[maemo-community] [maemo2midgard] Wiki migration

From: Dave Neary bolsh at gnome.org
Date: Thu May 15 21:46:50 EEST 2008
Hi all,

I've spent the day working on a strategy for migrating the wiki from
midgard/markdown to MediaWiki, and with some help from Niels, I've got a
proposal (not quite complete yet, but not far).

First off, I think we should split the steps of wiki clean-up and
migration.
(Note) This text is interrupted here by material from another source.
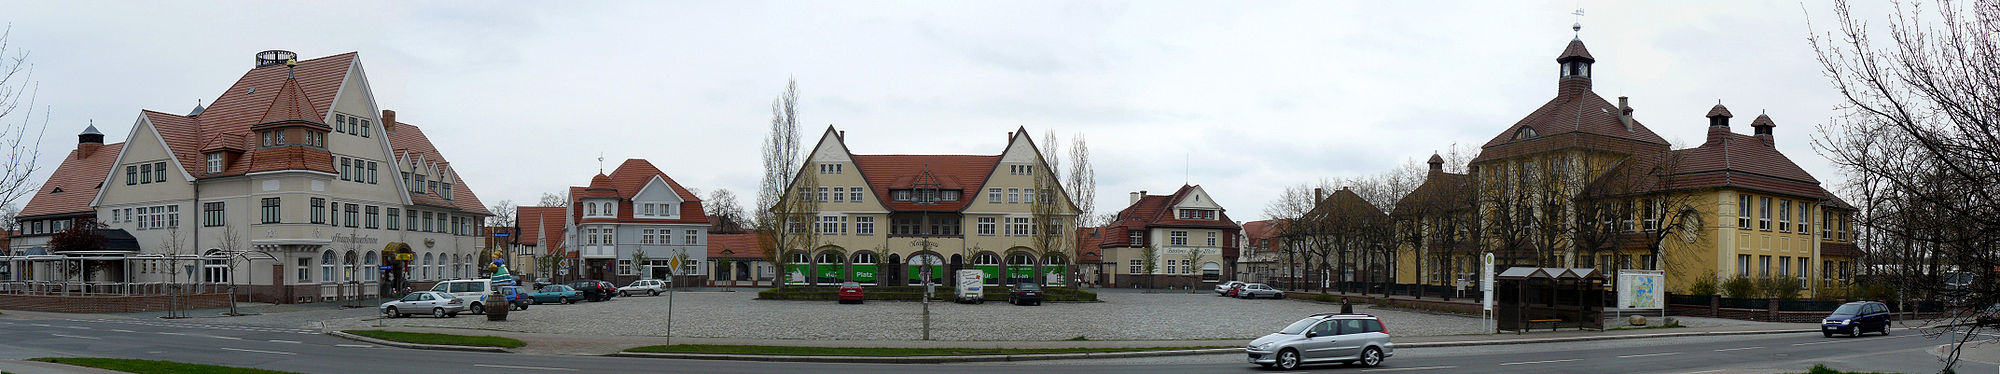 Marktplatz Gartenstadt Marga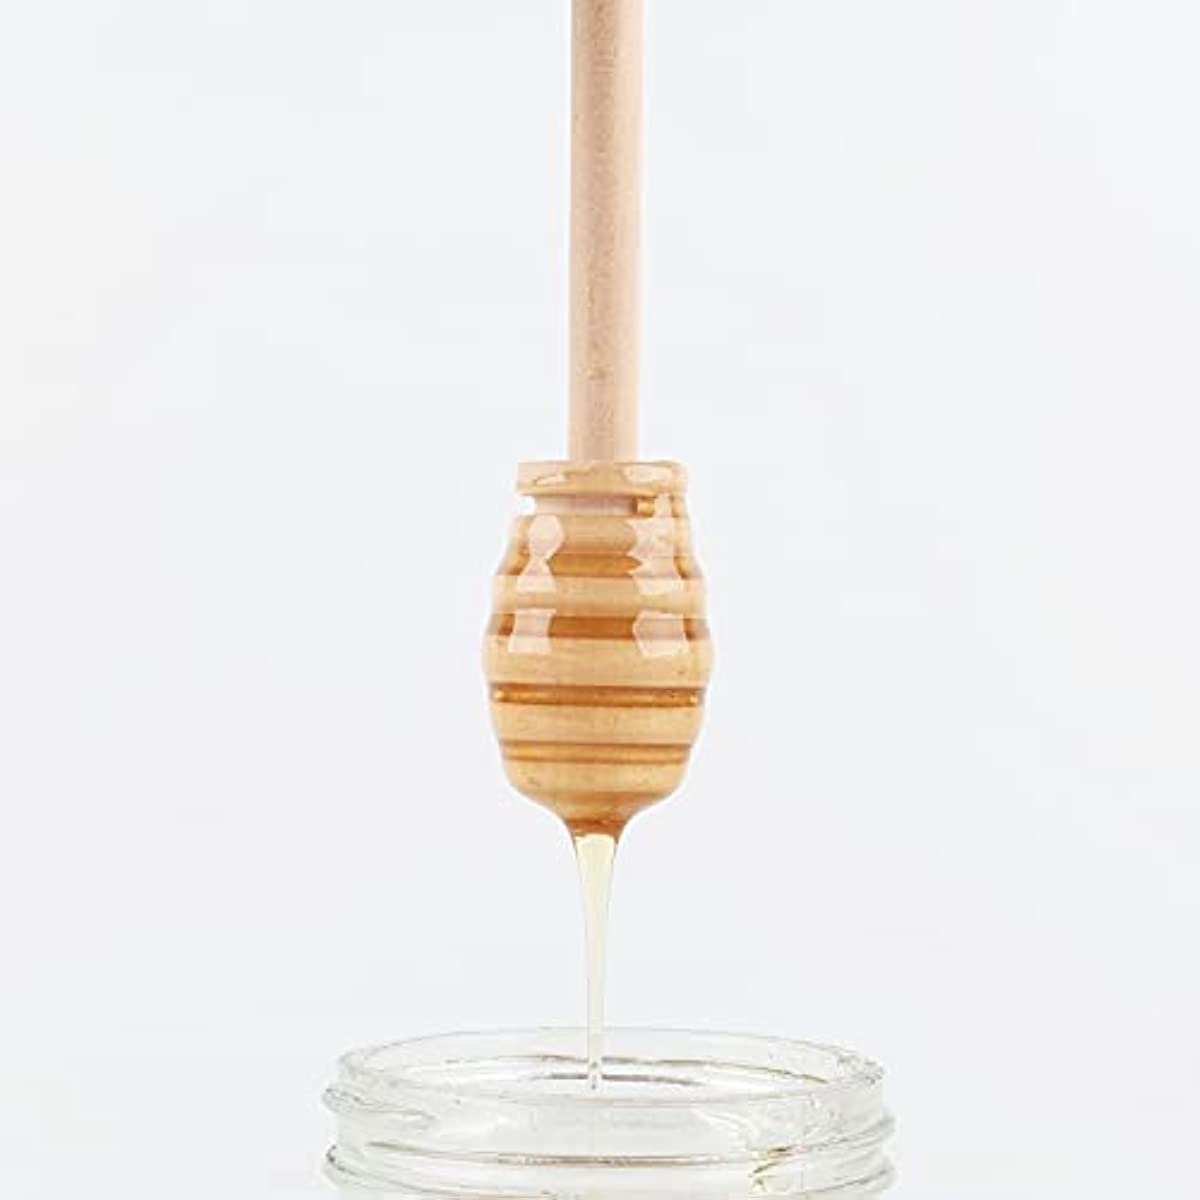 Wooden Honey Dipper Stick for Honey Jar Dispense Drizzle Honey,1 Pc 6.3 Inch / 16cm Honey Dippers Sticks-Honeycomb Stick-Wooden Honey Spoon

Ideally, the migration should be mostly or completely
automated, and the cleap-up should be either pre-processing or

The wiki clean-up will continue to live in
https://maemo.org/community/wiki/wikireorg/ - I have a small team of
volunteers who are prepared to help me with the wiki clean-up, and
that's a decent place for us to start already.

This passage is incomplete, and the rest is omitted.